News Feature | July 7, 2014

Cerner, Leidos, Accenture Join Forces In DoD Bid

Christine Kern

By Christine Kern, contributing writer

DoD EHR Bid

Why the DoD EHR contract and upcoming bidding war matters.

The U.S. Department of Defense is seeking a commercial solution to replace its current electronic health record and information system. As Health IT Outcomes reported earlier this year, the DoD signed a $70.7 million bridge contract with Leidos to “support military electronic health record systems over the next 11 months.” While the department has not yet issued a final request for new proposals, several partnerships have already formed to compete for the contract worth approximately $11 billion.

Cerner Corp. has teamed up with experienced government contractors Leidos and Accenture Federal Services to try to win the multibillion-dollar contract to build, install, and configure a replacement EHR system for the Defense Department's health system.

There’s a lot of competition for the 10-year contract, which would cover 56 hospitals and about 360 clinics serving about 9.7 million beneficiaries from the U.S. military and its dependents. It would include work for Veterans Affairs facilities.

The Cerner alliance is competing with a previously announced joint effort by IBM Corp. and Cerner’s largest EHR competitor, Epic Systems Corp.

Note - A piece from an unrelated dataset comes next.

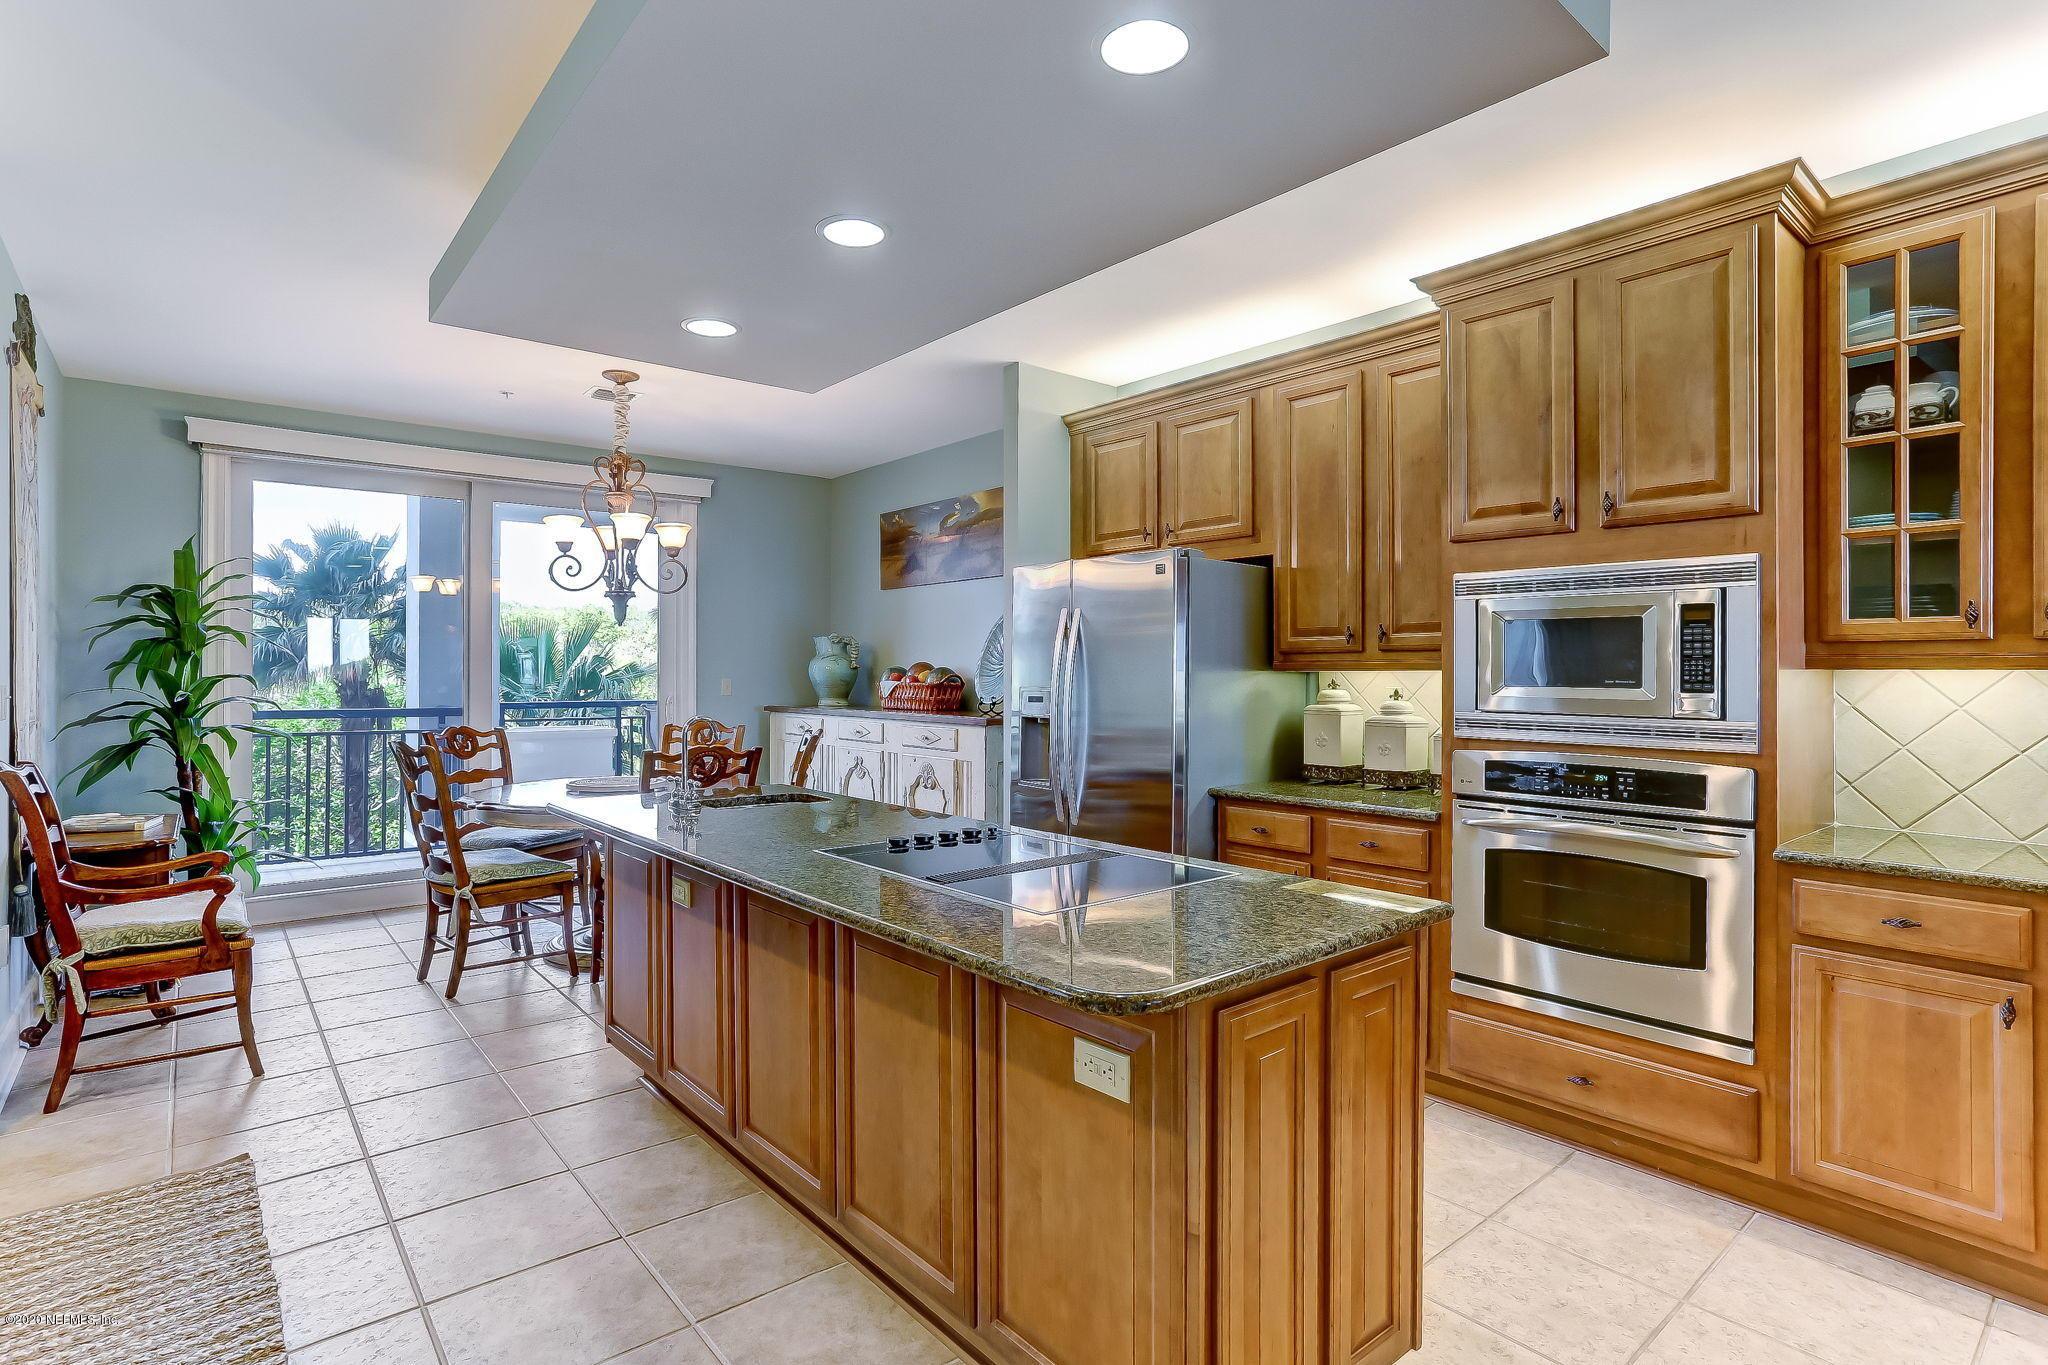 6524 SPYGLASS, FERNANDINA BEACH, FLORIDA 32034, 3 Bedrooms Bedrooms, ,3 BathroomsBathrooms,Residential,For sale,SPYGLASS,1049090

And Modern Healthcare further reports Computer Sciences Corp., Hewlett-Packard, and Allscripts have also announced they would bid for the contract as well.

In February 2013, the Defense Department and the VA scrapped a five-year-old plan to jointly develop an EHR to serve both departments' vast healthcare empires, citing the high cost – estimates for which ranged widely to upward of about $15 billion.

Kate O’Neill Rauber, a Cerner spokeswoman, said Cerner’s goal is to provide a “highly interoperable” system “built on modern and open architecture.” On June 11, IBM Corp. and Epic Systems Corp. announced they intend to bid on what's being called the Defense Healthcare Management Systems Modernization project, or DHMSM, pronounced “dim sum.”

SAIC has at least a 25-year history with the MHS, having built its Composite Health Care System from software code supplied by the Veterans Affairs Department under a $1 billion contract awarded in 1988. That system, known as CHCS, is still in use in military hospitals because its proposed successor, AHLTA, failed to become its total replacement.

“Our goal is to provide the best solution at the best value—a world-class solution that is highly interoperable, built on modern and open architecture, and designed and deployed by a team with unmatched expertise in implementing complex systems around the globe,” Cerner spokeswoman Kate O'Neill Rauber said in an e-mail confirming the partnership.

In addition to CHCS and AHLTA, the new system will replace the EHR components of Theater Medical Information Program-Joint, which includes AHLTA-Theater, Theater Medical Information Program Composite Health Care System Cache and AHLTA-Mobile.  The DoD expects between four and six bids on the project. A winner is expected to be announced by the end of the year.